Unlike Burns, 27-year-old Renshaw still has age on his side and has plenty of time to stake a claim for a place. Since 2021, Renshaw has scored 944 runs at 37.76 in the Shield, which includes three tons in 28 innings. And when he has opened, his average has shot up to nearly 52.
Renshaw has further solidified his case for a call-up, with scores of 112, 78, 2, and 140 against New Zealand A during the two unofficial Tests played in Lincoln earlier in 2023. However, in the ongoing Sheffield Shield season, he averages under 32 in 11 innings, which may have done a bit of damage, but he has time to turn things around in the second half. Like Harris, Renshaw too was part of the WTC final squad and also the Ashes.
The opener from South Australia has been impressive with his consistent performances over the last couple of years. Since 2021, Henry Hunt has scored 1,347 runs as an opener, only behind Bancroft (1,872) in this period in the Sheffield Shield. The right-handed opener also has five hundreds and four fifties in 39 innings.
He is the only uncapped player from this list and since making his debut in 2019, he has been quite impressive. He scored his maiden ton in just his fourth match, and it was a record-breaking one as well, as he put on 293 for the first wicket with Jake Weatherald – the highest opening stand for South Australia in 52 years. He was also named the Sheffield Shield Player of the Year for his impressive performances in 2021-22.

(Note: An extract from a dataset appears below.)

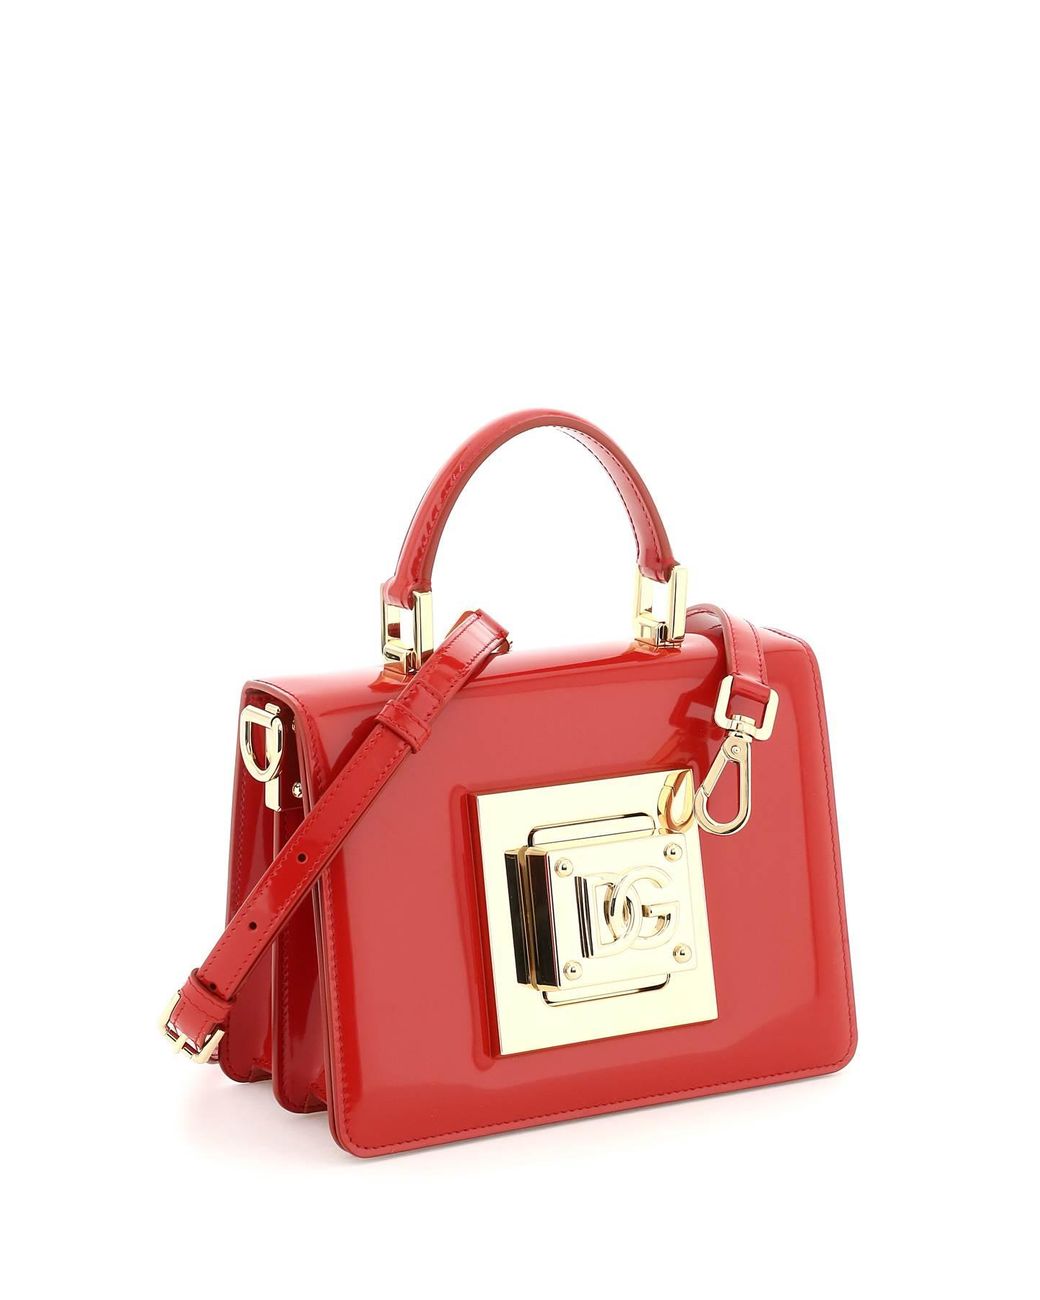 Dolce & Gabbana Patent Leather Top Hadle Bag in Red | Lyst

An Australia A debut against England Lions followed, where he scored 33 and 40 as his side won by 112 runs. He was part of the team that toured Sri Lanka in 2022, where he slammed a magnificent ton in Hambantota after getting out on a pair in the previous unofficial Test.
He has been dubbed as a long-term opening prospect for Australia, and the 26-year-old has made all the right noises thus far.

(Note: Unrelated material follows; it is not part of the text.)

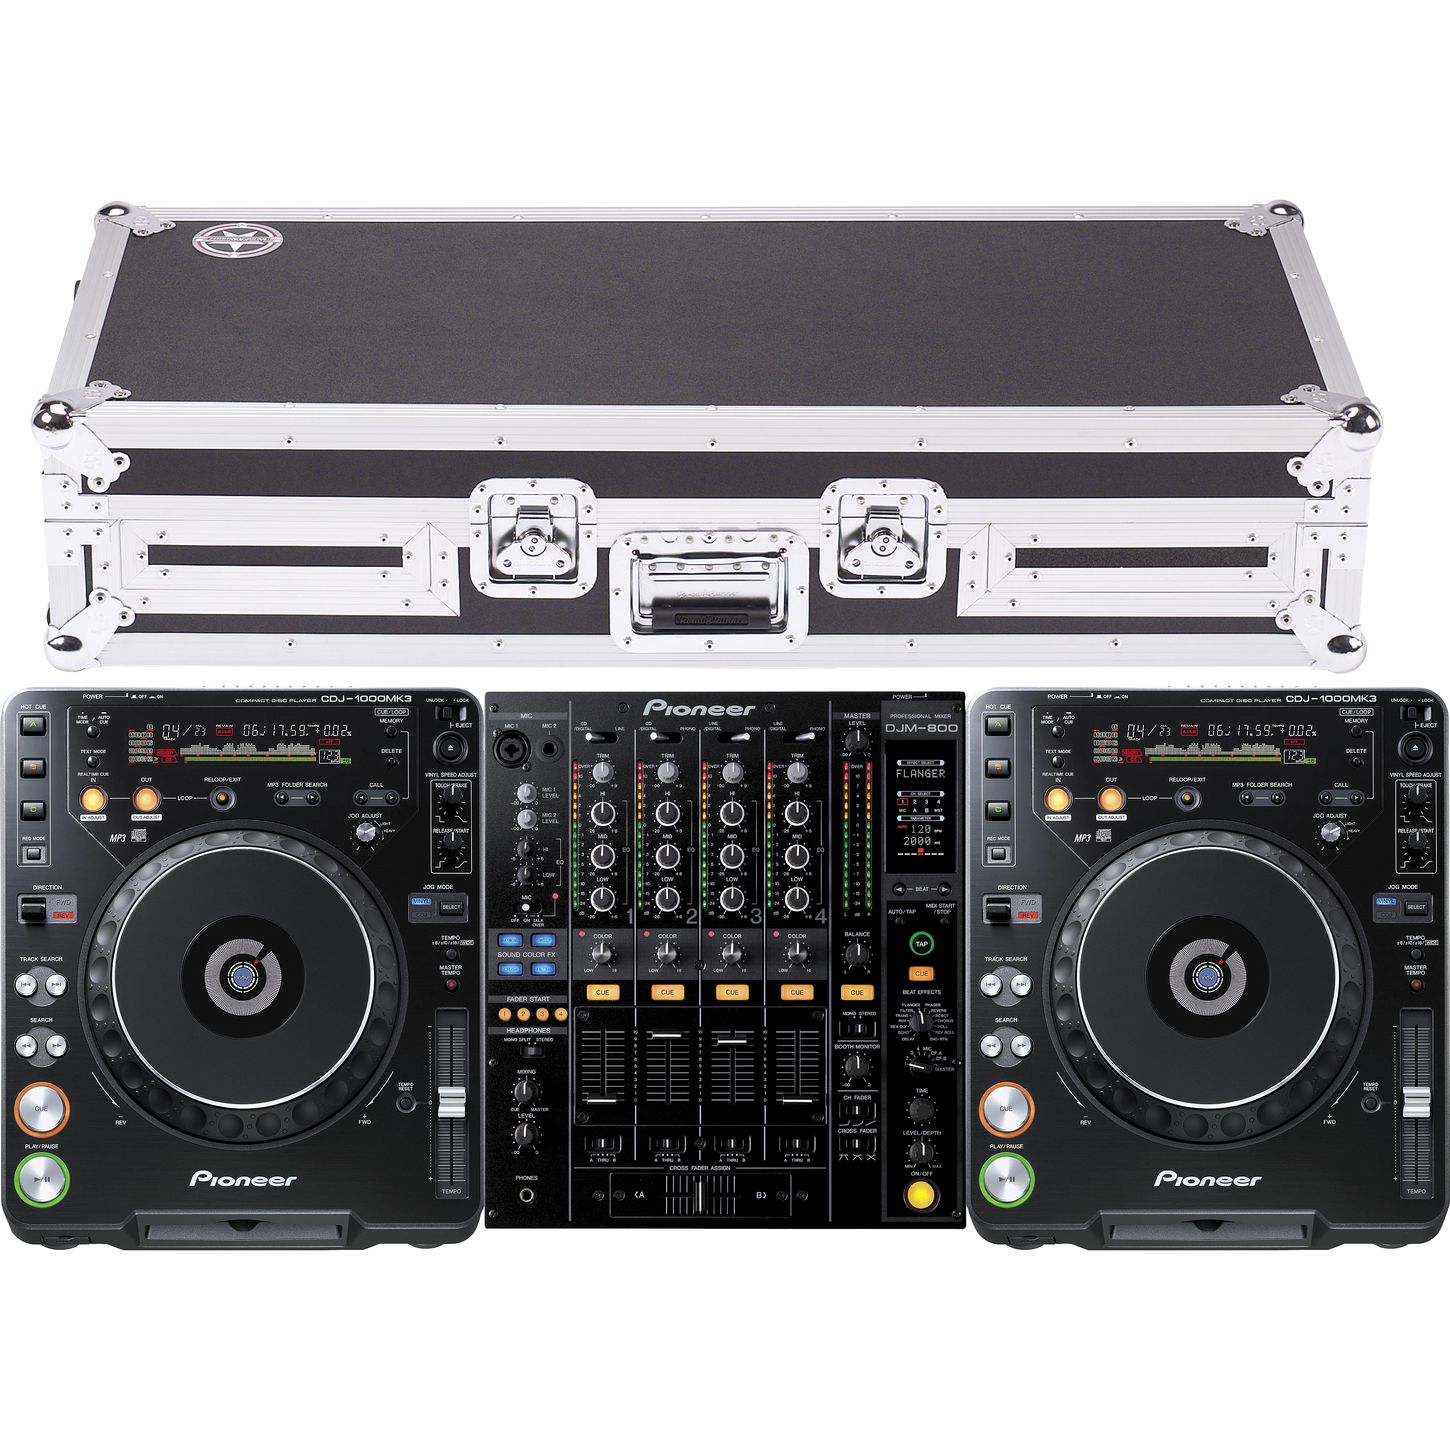 2x Pioneer 1000MK3 1x Pioneer 800 Mixer Only On 2 20 000  large image 0

Travis Head and Mitchell Marsh have ruled themselves out of contention to move up the order. However, Steven Smith, who comes in at four, has put his hand up and offered to take up Warner’s spot at the top. That would mean Australia would have to find a suitable middle-order batter, which is going to be tough. Smith averages 61.50 and 57.18 at No. 4 and five, respectively. But more importantly, Smith has never opened the batting in Test or first-class cricket. Safe to say, it would be far-fetched to see Smith come out to open the batting with Usman Khawaja in 10 days’ time against West Indies.
Former Australia all-rounder Shane Watson has also backed Cameron Green to open the innings. Watson, who found himself opening in Tests after playing most of his career in the middle-order, feels Green has the mentality to open in the longest format. With Marsh having cemented the all-rounder’s role that Green was accustomed to, the only way to get the latter involved is if he bats at the top.
With both head coach Andrew McDonald and skipper Pat Cummins open to having a player without prior experience of opening in first-class cricket, it opens the door for Green’s return.